No professional educator, whether on tenure or in probationary status, may be assigned to devote a substantial portion of his time in a tenure area other than that in which he has acquired tenure or is in probationary status, without his prior written consent.

Petitioner alleges that she will be performing the duties of an assistant principal. However, according to the affidavit of respondent superintendent, the actual duties to be performed by petitioner during the 2004-2005 school year will be developed during the school year based upon some division of responsibilities between the co-principals, as need requires.

A board of education has broad discretion in assigning members of its professional staff, so long as the employee's tenure rights are not infringed upon (Matter of Van Heusen v.
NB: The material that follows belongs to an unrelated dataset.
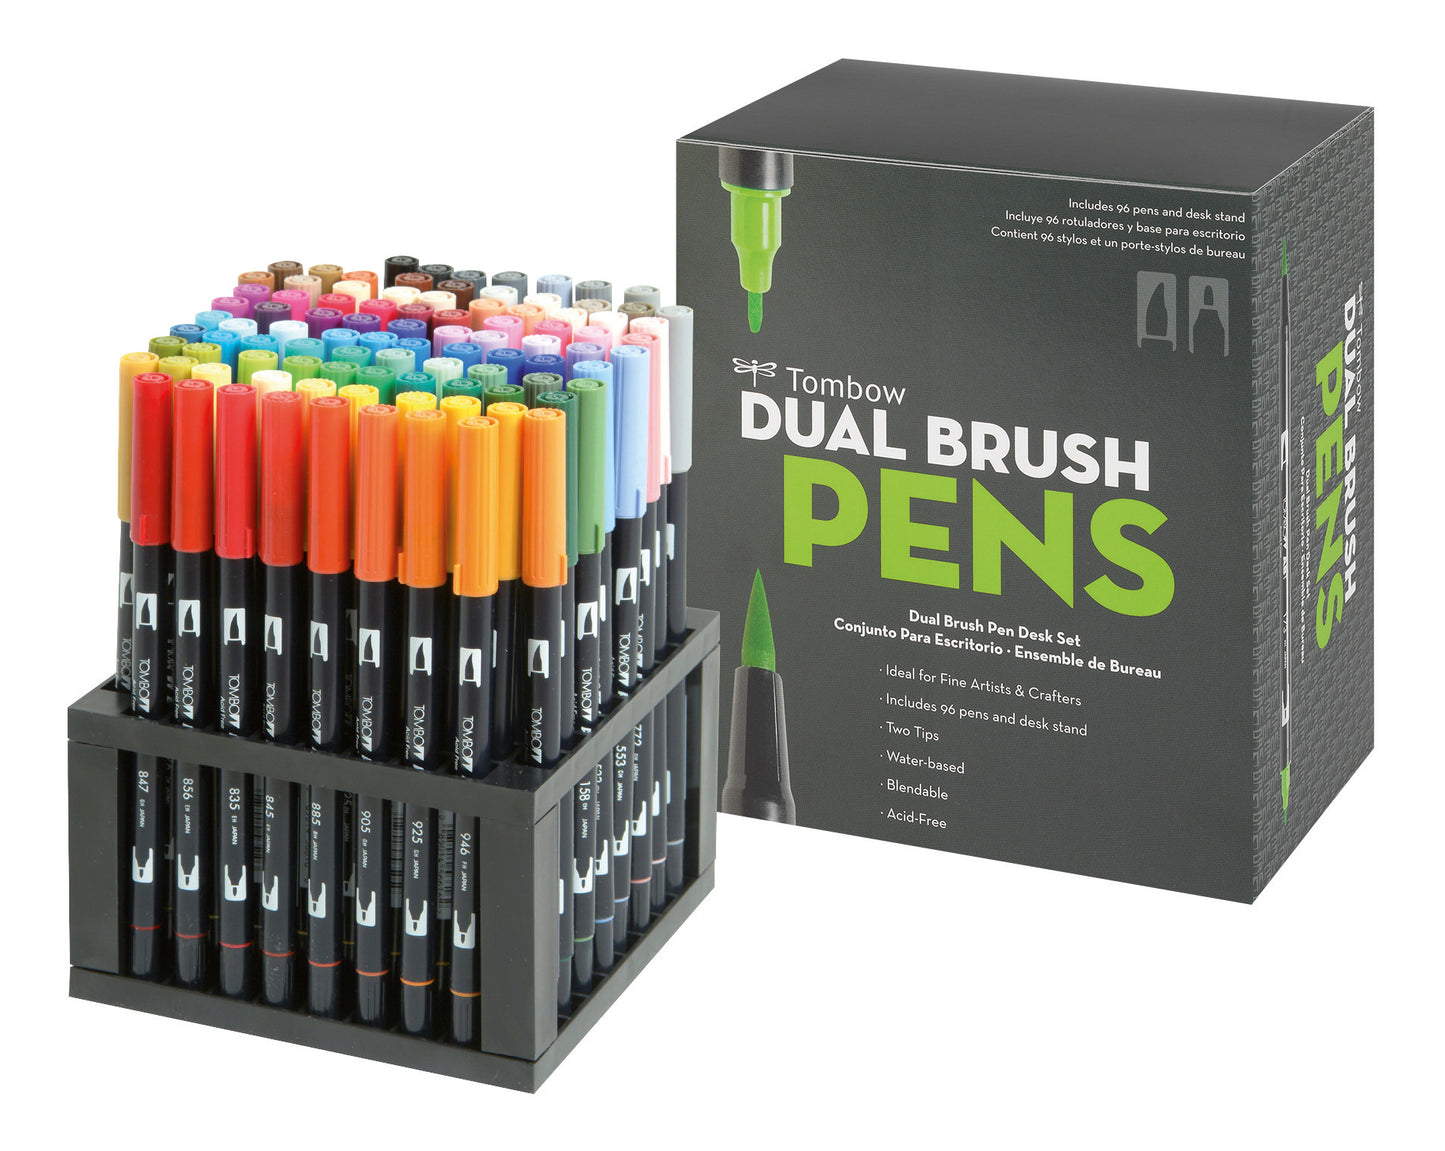 Tombow Dual Brush Pens bordsställ med 96 pennor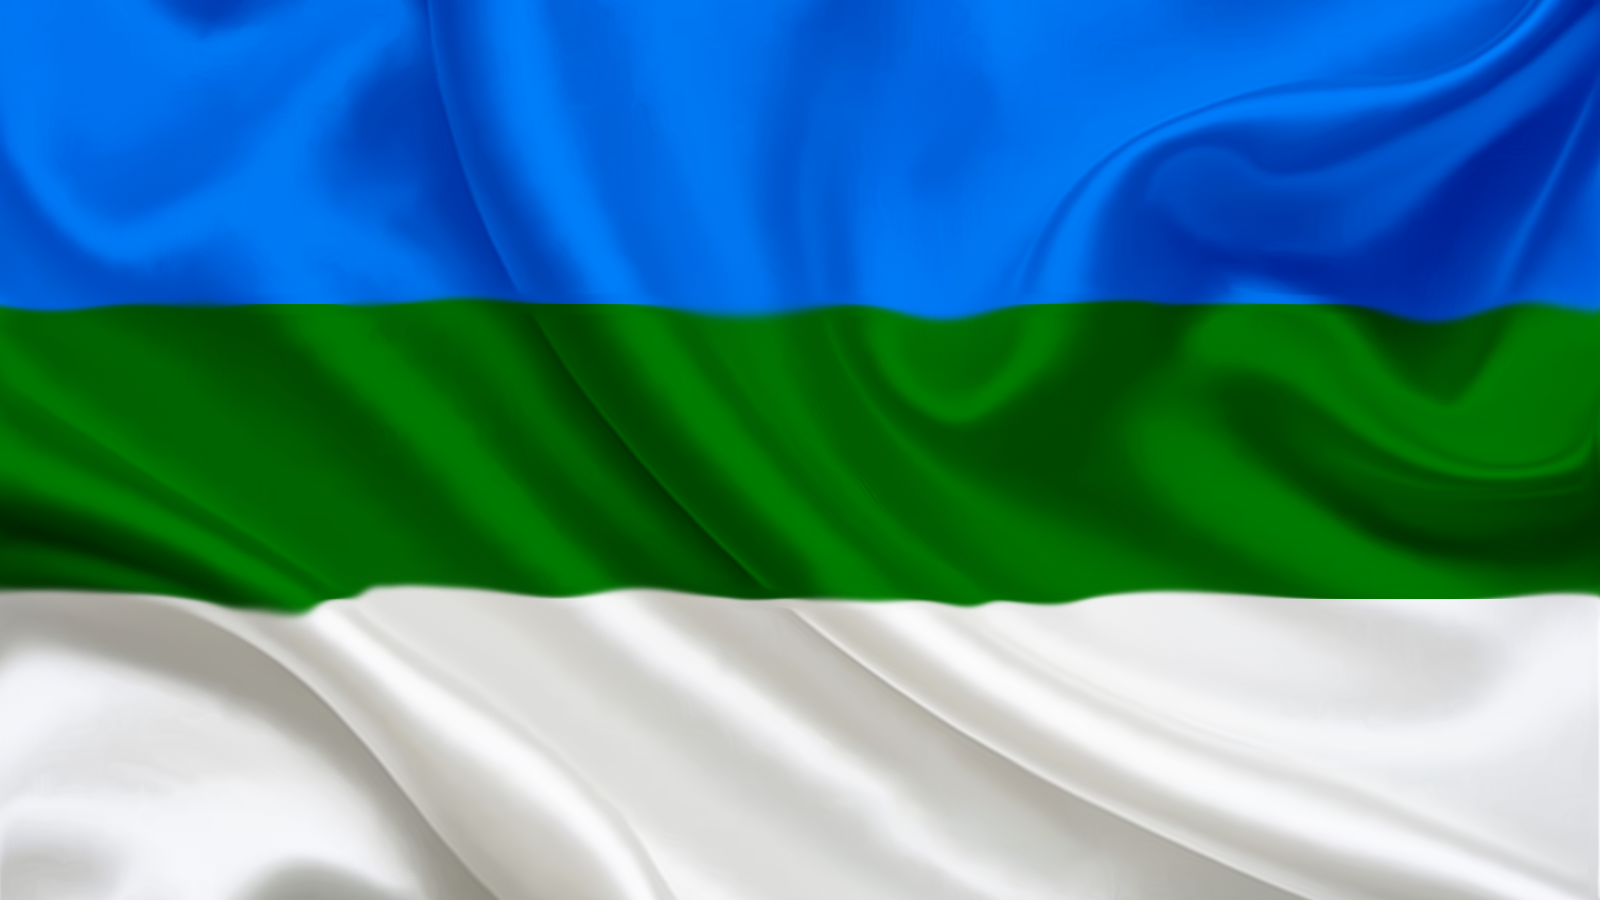 Башкортостан: набросок плана построения нового государства

Bd. of Ed., City School District of the City of Schenectady, et al., 26 AD2d 721; Appeal of Dillon, 43 Ed Dept Rep 333, Decision No. 15,010; Appeal of Garry, 19 id. 359, Decision No. 10,166). Although petitioner disputes respondents' assertions regarding the duties to be assigned to her as co-principal, it is clear that petitioner will maintain tenure in the secondary principal tenure area as a co-principal. Petitioner has otherwise failed to demonstrate that she has been involuntarily transferred to a position outside her tenure area or that her tenure rights have been otherwise infringed by her appointment as co-principal.

Nor do I find on the record before me that petitioner's appointment as co-principal was merely a thinly disguised attempt at disciplinary action (compare Appeal of Irving, 39 Ed Dept Rep 761, Decision No. 14,373). In Irving, the district cited incidents of alleged misconduct that immediately preceded the administrator's transfer and were the subject of a counseling letter given to her on the day before the transfer. In contrast, petitioner here has framed her complaint as an involuntary transfer outside of her tenure area and has failed to establish that the transfer was used as a subterfuge to discipline her for alleged misconduct (seeAppeal of Dillon, supra).